Taking inspiration from nature, KAUST Researchers have developed an economical green method that would allow common materials to repel liquid. This could lead to varied applications from underwater drag reduction to antifouling1.

Wetting surfaces with micropillars (left) lose their omniphobicity when damaged, while microtextures with doubly reentrant cavities (right) exhibit omniphobicity despite localized damage. (Reproduced with permission from ref 1.© 2017 American Chemical Society. Created by Ivan Gromicho © 2017 KAUST)

Omniphobicity, defined as making surfaces liquid repellent, is used in several industrial processes from minimizing bio-fouling and underwater drag to waterproofing, membrane distillation and oil-water separation.

Creating such a veneer normally relies on applying perfluorinated coatings; however, these degrade under extreme chemical and physical environments, raising costs and both health and environmental impacts and limiting their use.

Rendering conventional materials, such as metals and plastics, omniphobic has been an alluring goal for quite a while; this challenge led Himanshu Mishra and colleagues from the KAUST Water Desalination and Reuse Center to draw inspiration from nature.

Initially, the Researchers tested microtextures made up of doubly reentrant pillars: they were inspired by a US based research team who, in 2014, showed that these pillars displayed exceptional omniphobicity in air, even when the materials were inherently wetting.

At first, these results seemed to defy conventional wisdom as roughening intrinsically wetting surfaces makes them even more wetting. So we decided to investigate these microtextures for ourselves.

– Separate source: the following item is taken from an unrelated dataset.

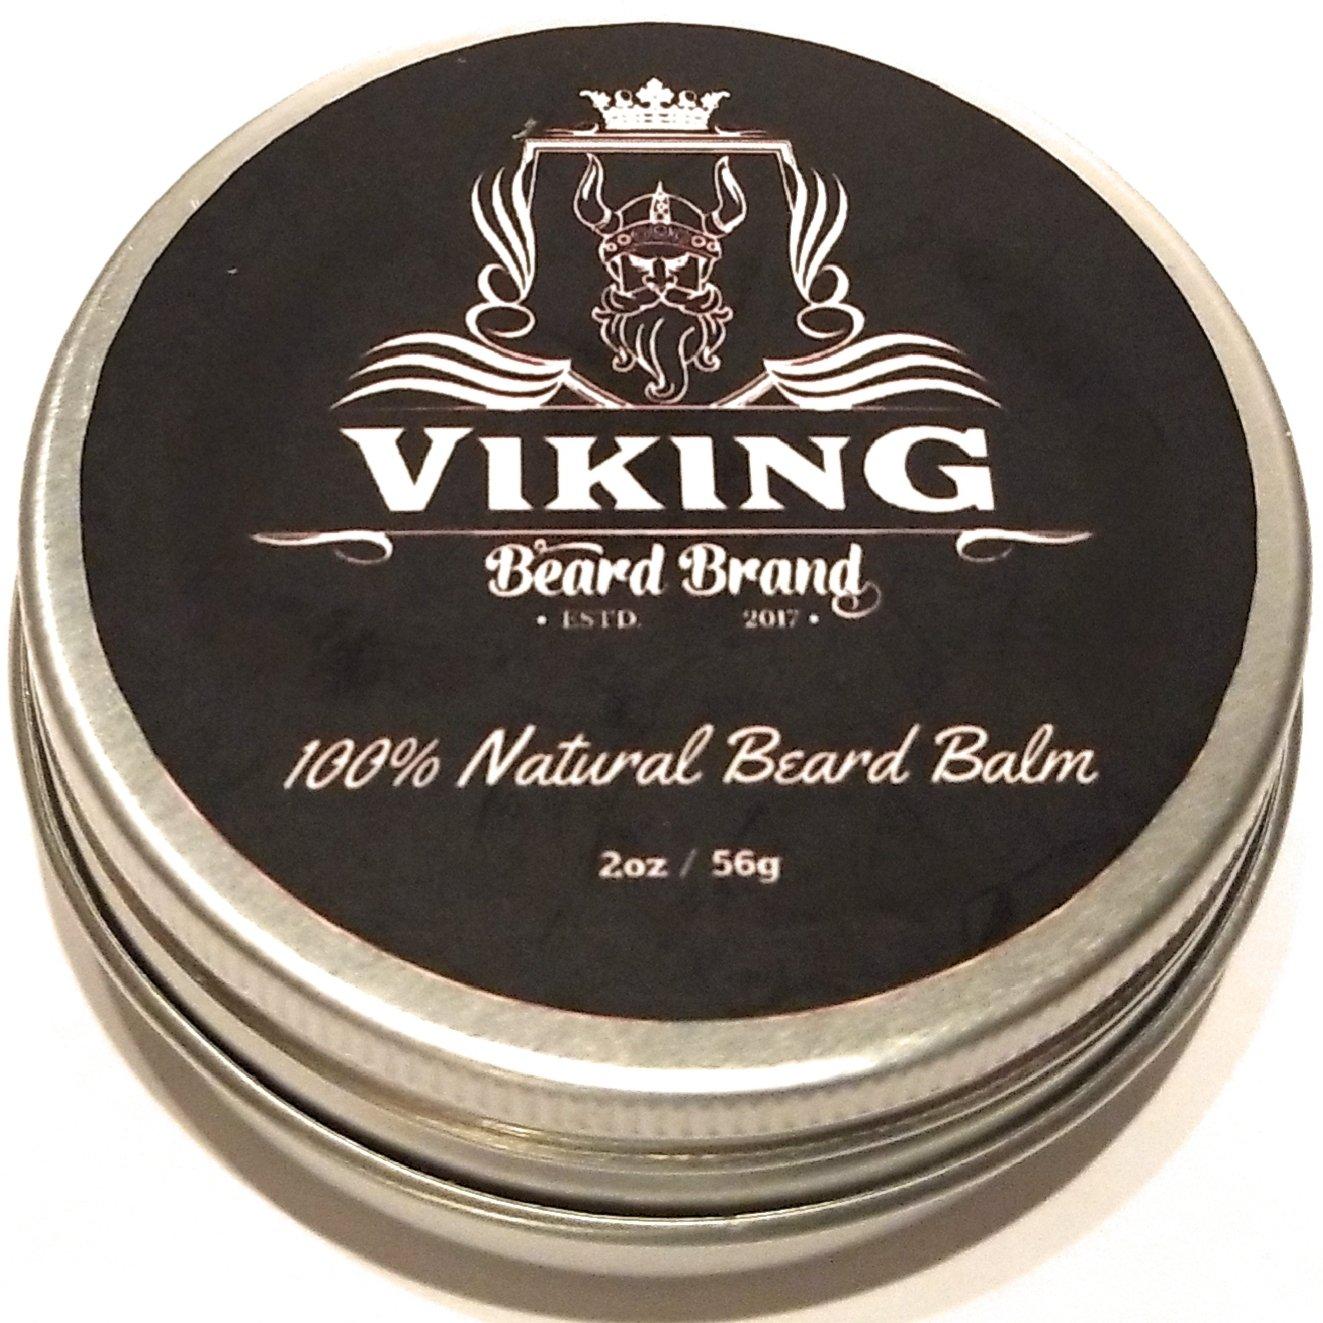 Beard Balm – Organic 100% All Natural Beard Conditioner, Bees Wax, Jojoba Oil, Argan Oil, Mango Butter, Style, Moisturize & Soften Beard or Mustache During Growth, Citrus Fragrance for Men - 2oz Viking Beard Brand
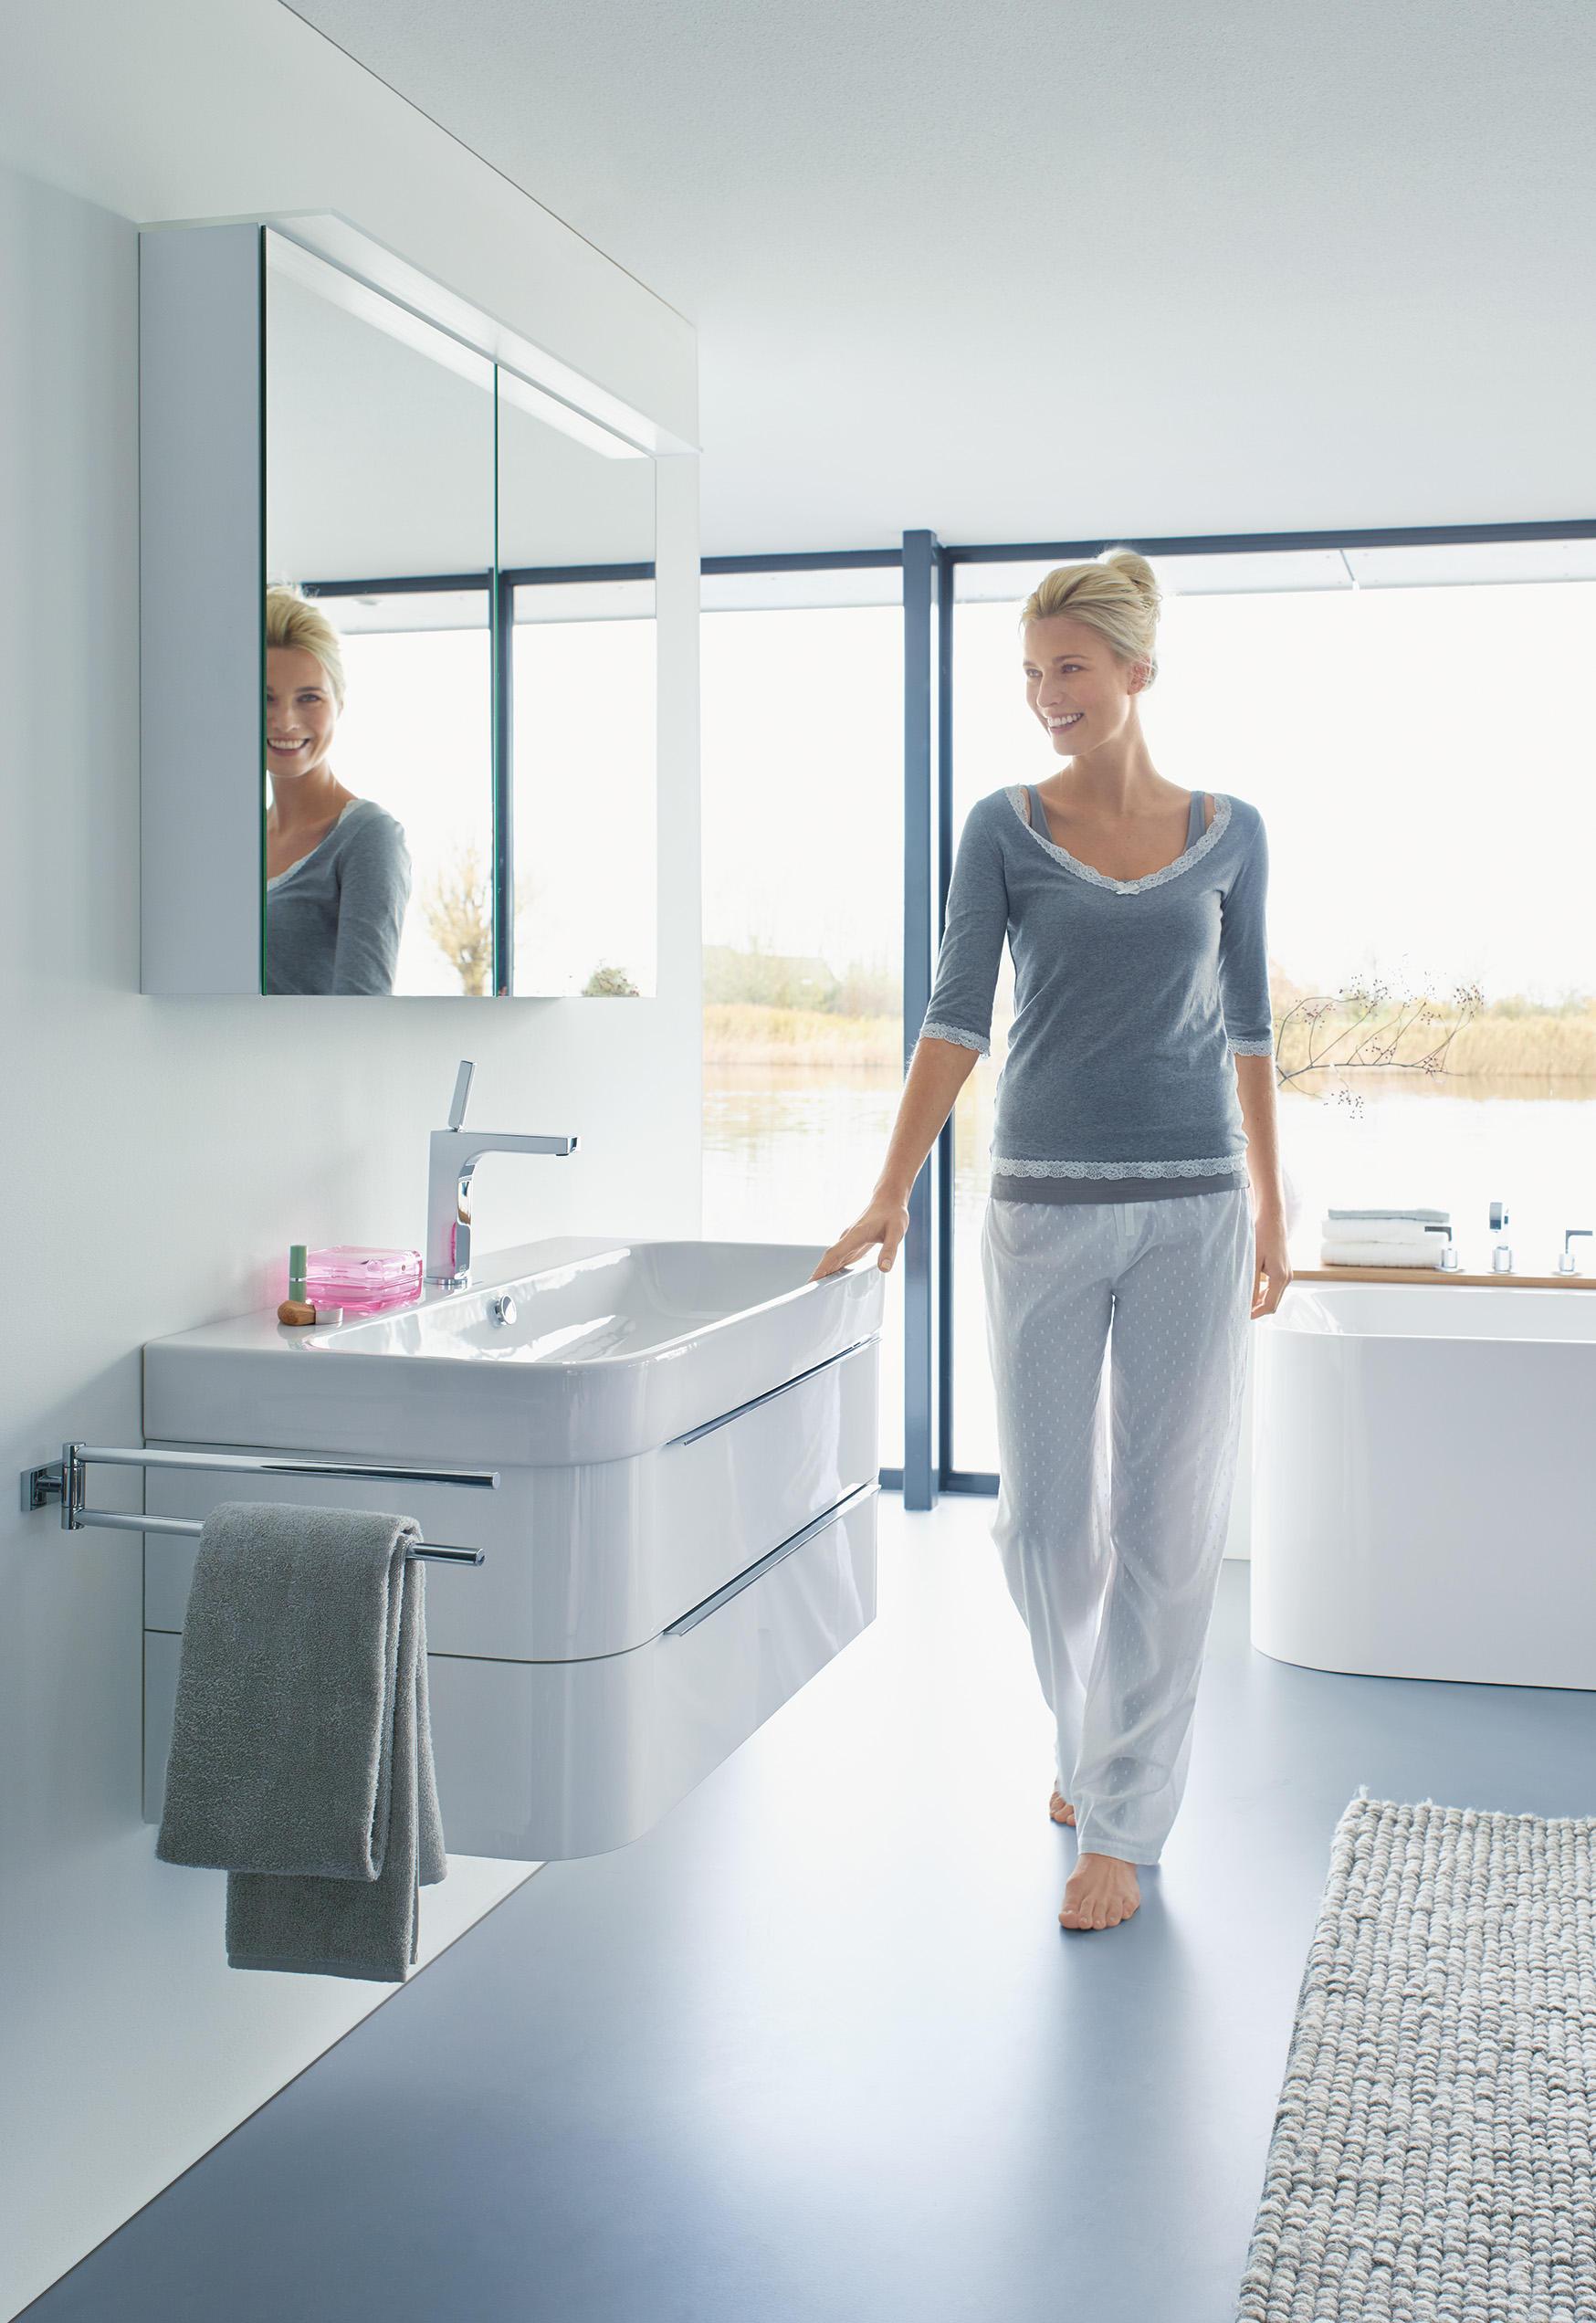 roman decorations vanity beautiful pedestal with areas washing duravit starck basin sink timelessly bath

Himanshu Mishra, KAUST Water Desalination and Reuse Center

The team established that intrinsically wetting surfaces with doubly reentrant micropillars do truly display omniphobicity in air, but they also discovered that it was catastrophically lost in the presence of localized physical damage or defects or when soaked in wetting liquids.

These were serious limitations because real surfaces get damaged during use. This inspired us to look to nature and investigate the skins of springtails.

Himanshu Mishra, KAUST Water Desalination and Reuse Center

Skin patterns of springtails — tiny soil-dwelling insects that live in moist conditions — make the most of surface textures that possess doubly reentrant cavities, keeping them dry. By employing photolithography and dry-etching tools at the KAUST Nanofabrication Core Lab, the Researchers reconstructed these doubly reentrant microcavities on silica surfaces.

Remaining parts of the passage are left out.